三 なお原告らは、被告国に対し、被告国が公害発生を未然に防止するための排出規制等を怠ったとして国賠法一条に基づく責任も主張する。しかし、右は被告国に右規制等を行うべき法的義務があったことを前提とする主張であると解されるところ、本件全証拠によって右義務が存在したとの事実を認めるには足りず、右主張はその前提を欠くものといわねばならない。
また、関連道路の瑕疵の主張については後に判断する。
第七章争点四(共同不法行為の成否)について
第一被告会社ら相互の共同不法行為
一 従前認定、判断してきたところによると、被告会社らは本件各工場(被告中電については名港火力発電所を含む。)を操業し、排煙をすることにより、前記の本件患者に指定疾病を発病、増悪させたという不法行為をそれぞれ行ったことが認められる。

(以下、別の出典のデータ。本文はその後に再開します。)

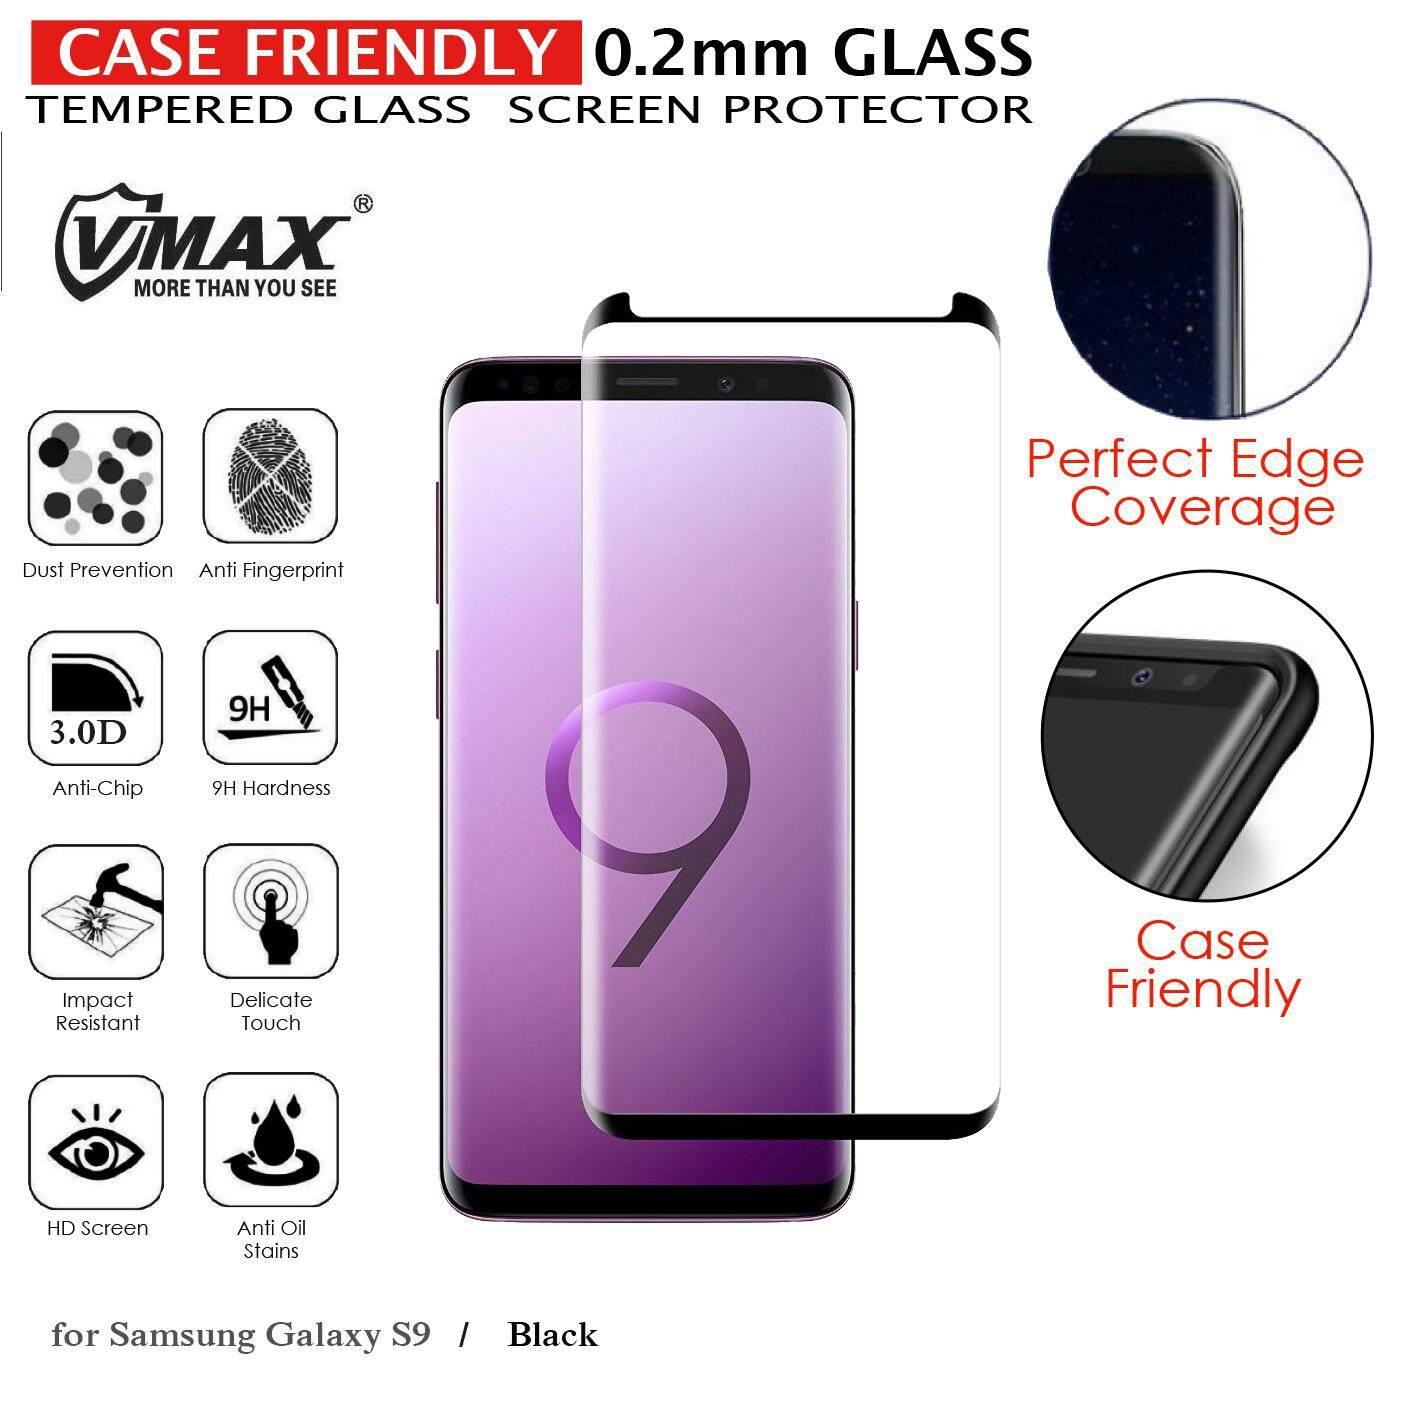 Samsung S9 Case Friendly Side Gule 1Pack
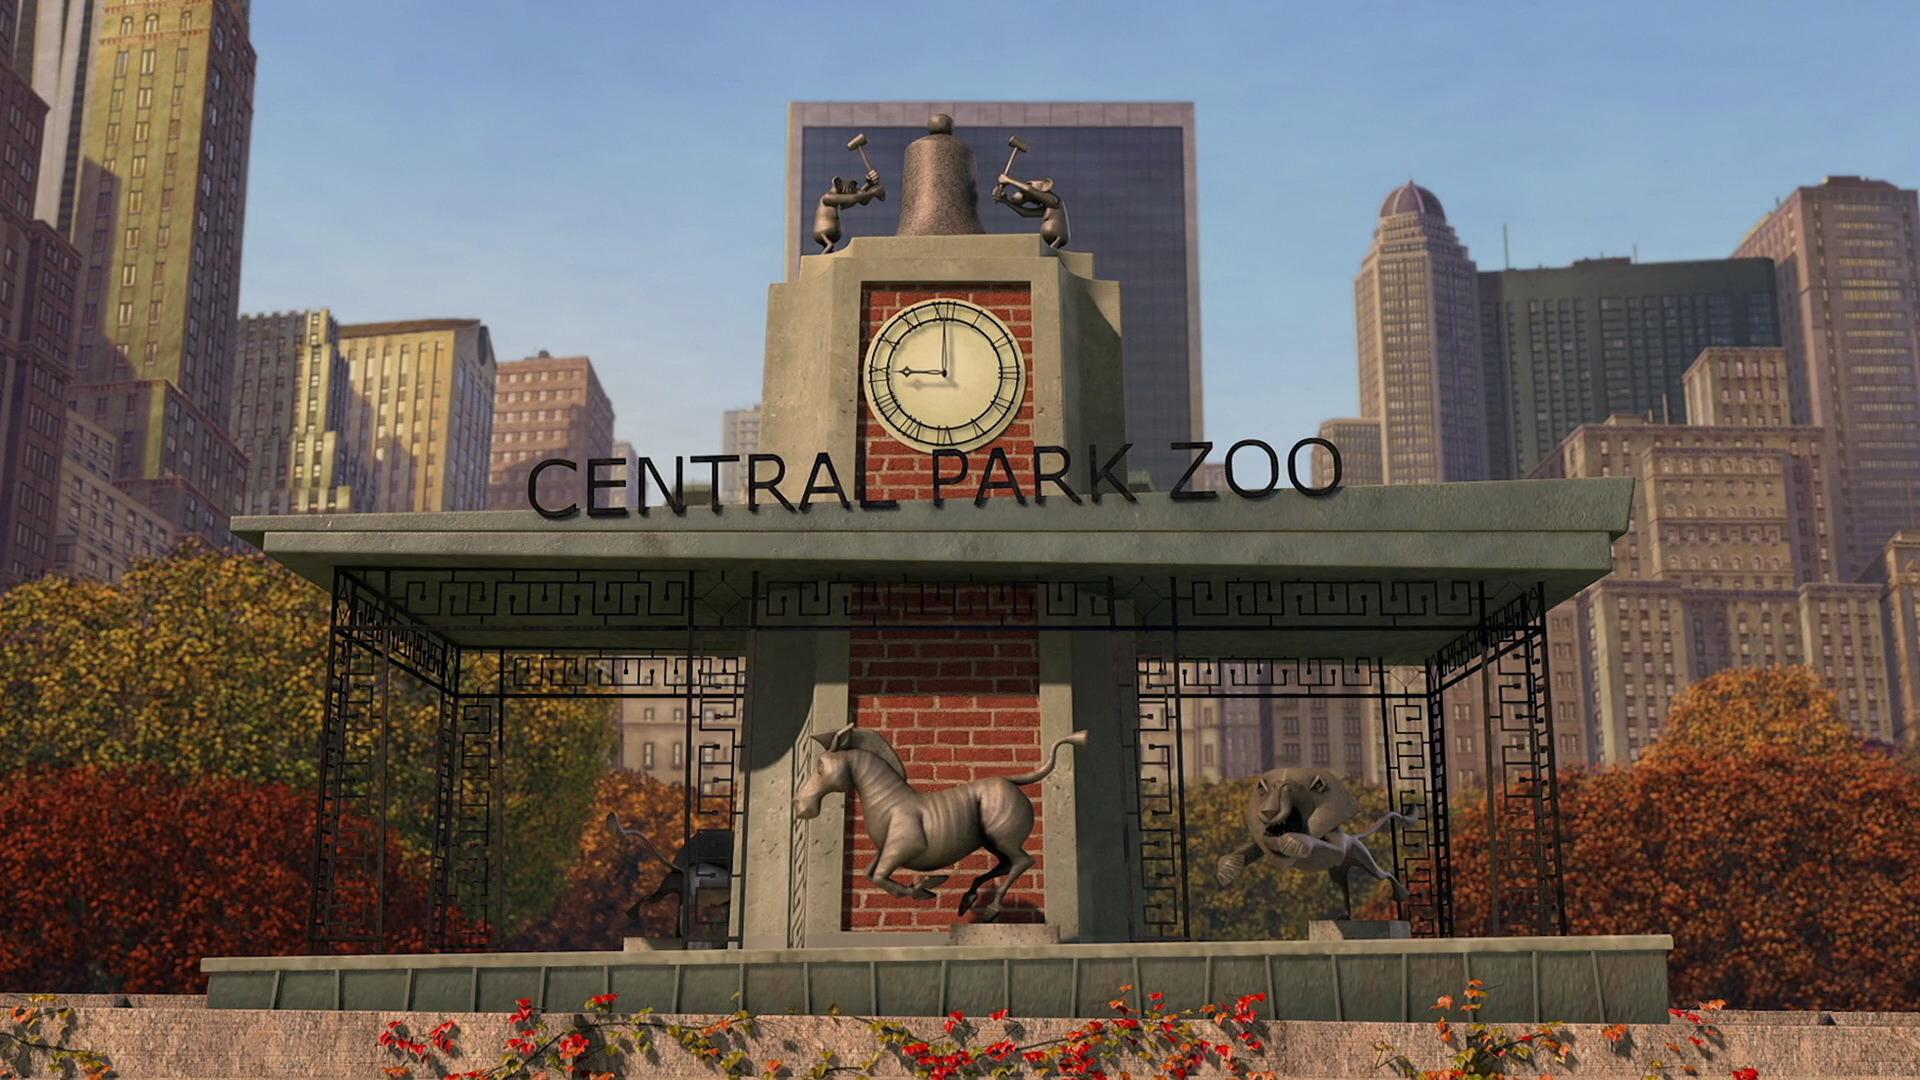 Central Park Zoo Dreamworks Animation Wiki Fandom

ところで、従前認定したところによると(第二編第一章第二、第三編第四章等)、名古屋南部地域を含む中京工業地帯は明治時代から今日に至るまでの長期間にかけて形成されたこと、本件各工場も、大正六年に最初に建設、操業を開始した被告大同特殊鋼築地工場から昭和五八年に最後に建設、操業を開始した被告中電知多第二火力発電所まで、右期間内にしかも独自に建設、操業を開始したこと、本件各工場の所在地も名古屋市から東海市にかけて東西約一〇km、南北約一五kmの広大な地域内に散在していること、被告会社らの業種は鉄鋼業(被告新日鐵、同大同特殊鋼、同愛知製鋼、同中部鋼鈑)、化学(被告東レ、同東亞合成、同三井化学)、電力(被告中電)、ガス(被告東邦瓦斯)、繊維板(被告ニチハ)等多業種にわたること、被告会社らの生産工程における機能的、技術的な結合関係、原材料、製品の取引関係、資本的、人的、組織的結合関係については第四章認定のとおりであって、これら結合関係等はこれが全く存在しないとはいえないものの格別強いものとまではいえないことが認められ、これらの事実によると、被告会社らの結合関係は緊密、濃厚であるとまではいえないことが認められる。なお、第四章認定のとおり、本件地域において、被告新日鐵(東海製鐵、富士製鉄)、被告東亞合成及び被告東レの共同出資で、被告新日鐵から供給される廃ガスその他の原料を処理する名古屋製鐵化学を建設し、それを中心とした大規模なコンビナート形成の計画はあったものの、その計画は解消したことが認められる。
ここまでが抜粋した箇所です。